I’m as leftist as it gets. I was called baby killer by someone at a mall when I was 19. I get their stance now, though at 19 I hadn’t killed any babys, still haven’t. But I thought I joined for the right purposes. 9/11 just happened and I was impressionable as a kid. It hurt. I thought I was doing the right thing at the time.
Impressionable kids were brought into a system that fucked them over. I thought I was doing the right thing by saving Americans that I thought were vulnerable. I’m not proud of where I’ve been or what I’ve done. I am proud that it helped me understand the world, and my subsequent choices. It disgusts me to know how many people I served with, that came away with a different understanding.
I felt we were there to help. We did some stuff that looked that way. Sometimes it even felt that way.
“Hey go feed the hungry and hand out school supplies”

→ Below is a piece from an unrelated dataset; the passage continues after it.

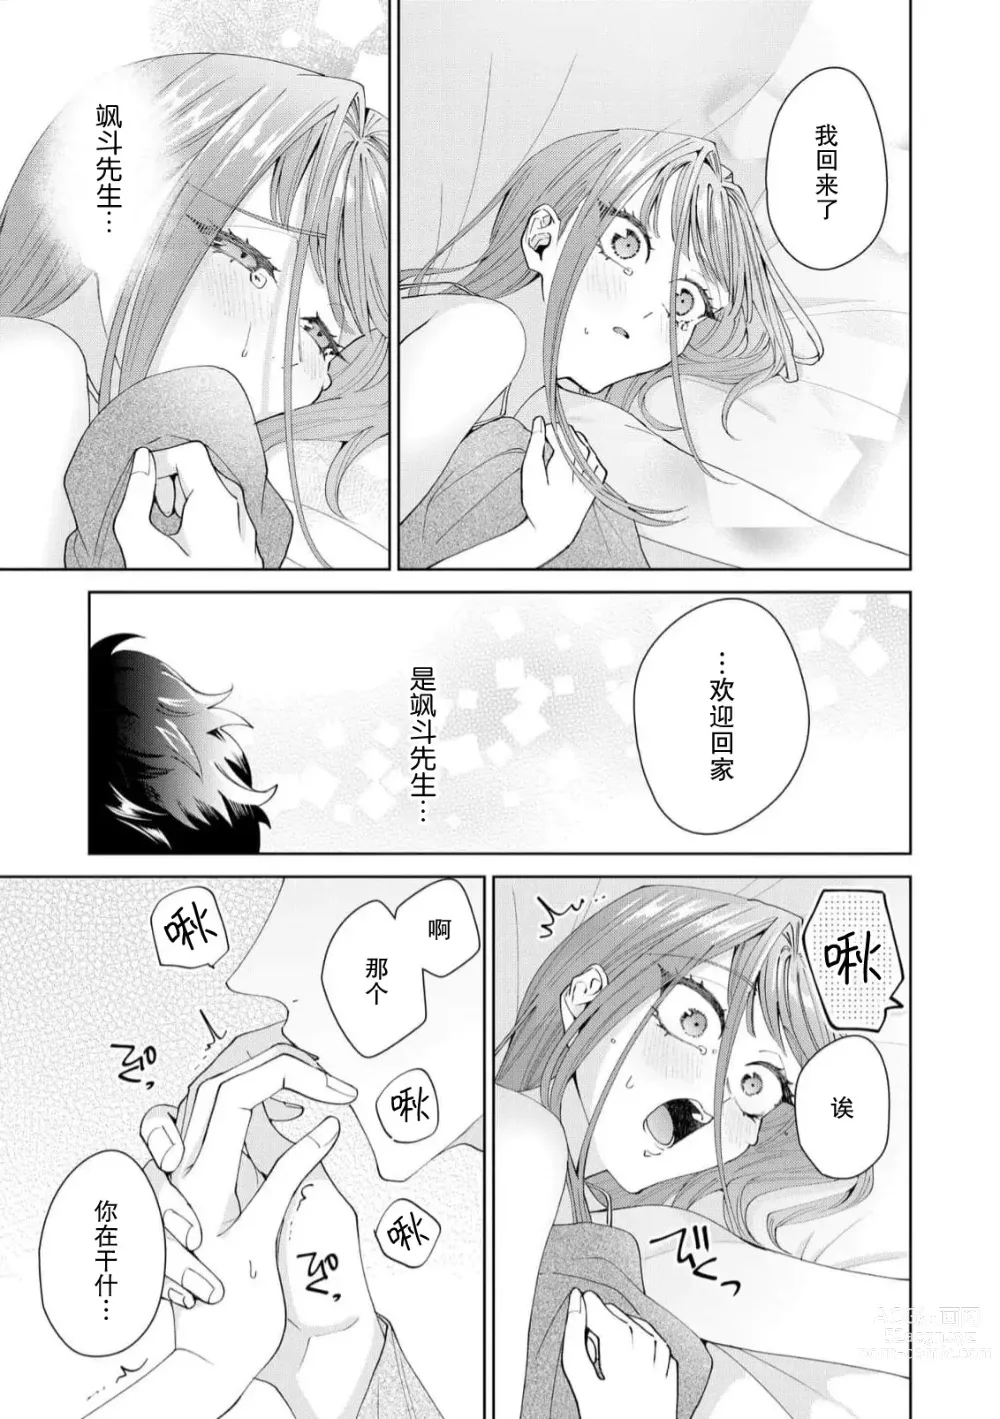 Page 479 of manga 能干程序员隐藏的一面 把我“开发”的溺爱步骤 1-16

And then on your way back “btw you’re passing by such and such on your way back, eliminate everyone who offers resistance.”
And you think of the kids “hey thanks for the crayons, but I really wish you didn’t kill my dad and 2 of my uncles in the process”.
My son idolizes me and my time in Iraq. I keep telling him that’s not something to look up to, and the job is full of pain. I honestly don’t know where I’m getting at with this, other than there’s no excuse for wars that didn’t need to happen. The military industrial complex decides we dont have enough information for the next war, so we start a new one with a smaller adversary and make up excuses.

Talked shit about cops to a guy I went to Iraq with who became a cop. I still give him shit for drinking his own piss. I treat him with contempt and he still thinks we’re friends.